Repository files navigation

Ensemble Tap

Ensemble Tap is a standalone Go service that ingests SaaS webhook events, normalizes them into CloudEvents, publishes them to NATS JetStream, and optionally persists events into ClickHouse.

Implemented Scope

  • Webhook ingress for Stripe, GitHub, HubSpot, Linear, Shopify, and generic HMAC providers.
  • Multi-tenant webhook routing via POST /webhooks/{provider} and POST /webhooks/{provider}/{tenant}.
  • Polling engine with provider pollers for HubSpot, Salesforce, QuickBooks, and Notion.
  • Poll-mode supports tenant fan-out from provider tenant overrides with tenant-scoped state tracking.
  • Poll config supports per-tenant poll_interval, poll_rate_limit_per_sec, poll_burst, poll_max_pages, poll_max_requests, poll_failure_budget, poll_circuit_break_duration, and poll_jitter_ratio overrides.
  • Poll fetch telemetry includes request/page counts and truncation metrics for bounded fetch budgets.
  • Durable poll state backends (memory or sqlite).
  • CloudEvents normalization and schema validation (tapversion=v1).
  • NATS JetStream publisher with dedup IDs and optional tenant-scoped subjects.
  • Ingress request IDs propagate through CloudEvents (taprequestid/request_id), NATS headers (X-Request-ID), and DLQ records.
  • Optional ClickHouse sink consuming from NATS with batched inserts.
  • Dead-letter queue recording for verification/normalization/publish failures.
  • Admin DLQ replay endpoints:
    • GET /admin/replay-dlq lists replay jobs with optional status and limit filters.
    • POST /admin/replay-dlq?limit=100 creates async replay jobs (with dry_run and idempotency support).
    • GET /admin/replay-dlq/{job_id} fetches replay job status/results.
    • DELETE /admin/replay-dlq/{job_id} cancels queued replay jobs.
  • Admin poller runtime status endpoint: GET /admin/poller-status guarded by X-Admin-Token, with optional provider and tenant filters.
  • Health and observability endpoints:
    • GET /livez
    • GET /readyz
    • GET /metrics

Quickstart

  1. Create config:
cp config.example.yaml config.yaml

Configure provider credentials (or remove providers you are not enabling) before startup; runtime now validates webhook/poll provider configs at boot.
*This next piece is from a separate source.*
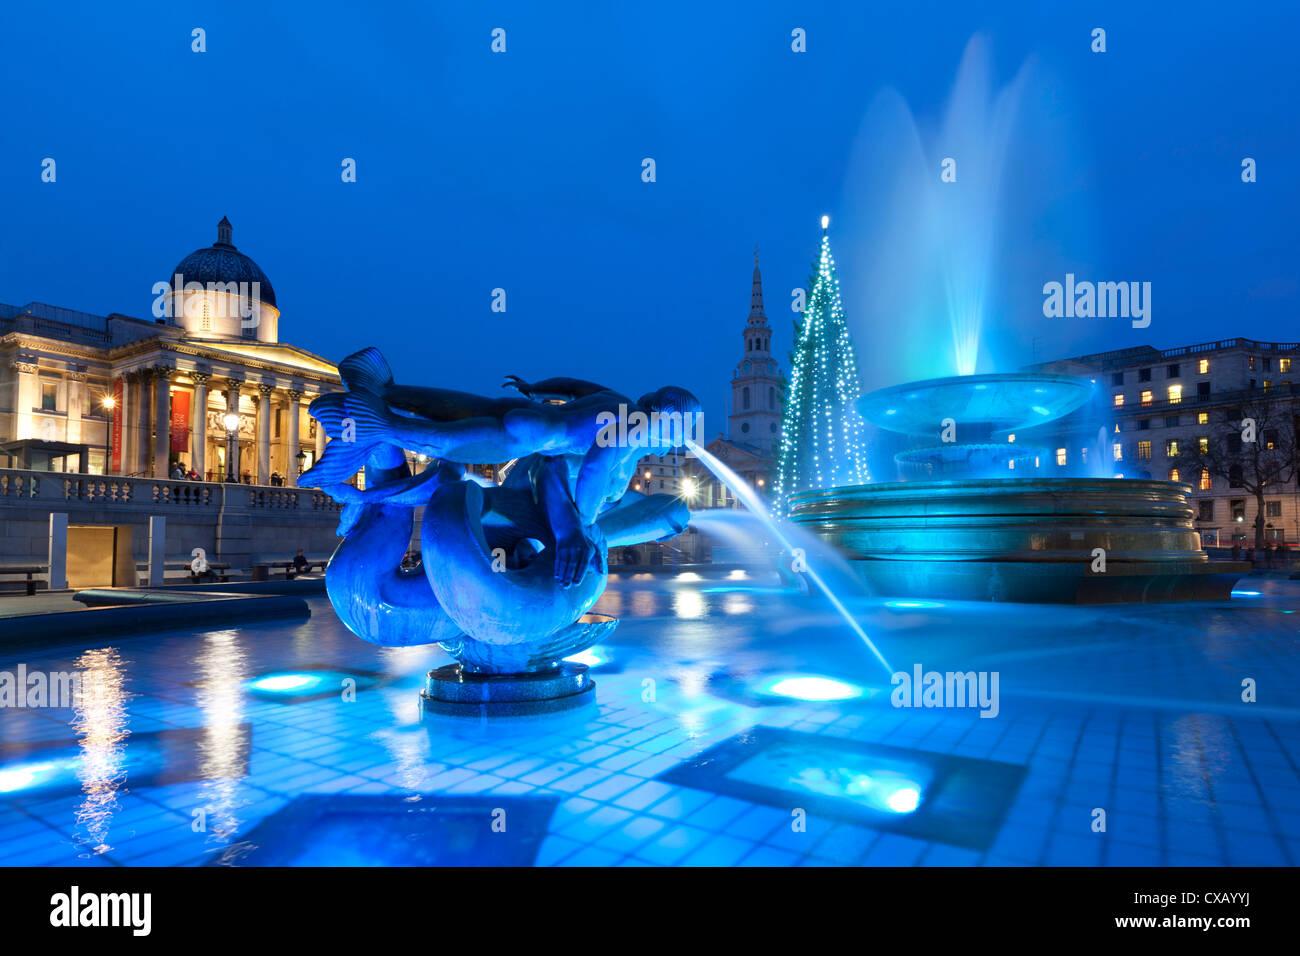 Trafalgar Square at Christmas, London, England, United Kingdom, Europe Stock Photo

  1. Start dependencies + tap:
docker compose up --build
  1. Send webhooks:
  • POST /webhooks/stripe
  • POST /webhooks/github
  • POST /webhooks/hubspot
  • POST /webhooks/linear
  • POST /webhooks/shopify

Simplest Onboarding Path (Helm)

Use the guided bootstrap script to get from install to first accepted event with one flow:

./scripts/bootstrap.sh

What it does:

  • prompts for provider + webhook secret,
  • optionally wires ClickHouse username/password secrets for sink mode,
  • generates values.onboarding.yaml,
  • creates/updates a Kubernetes Secret with webhook credentials,
  • installs/upgrades the Helm release with --wait,
  • runs a signed provider-aware webhook smoke test.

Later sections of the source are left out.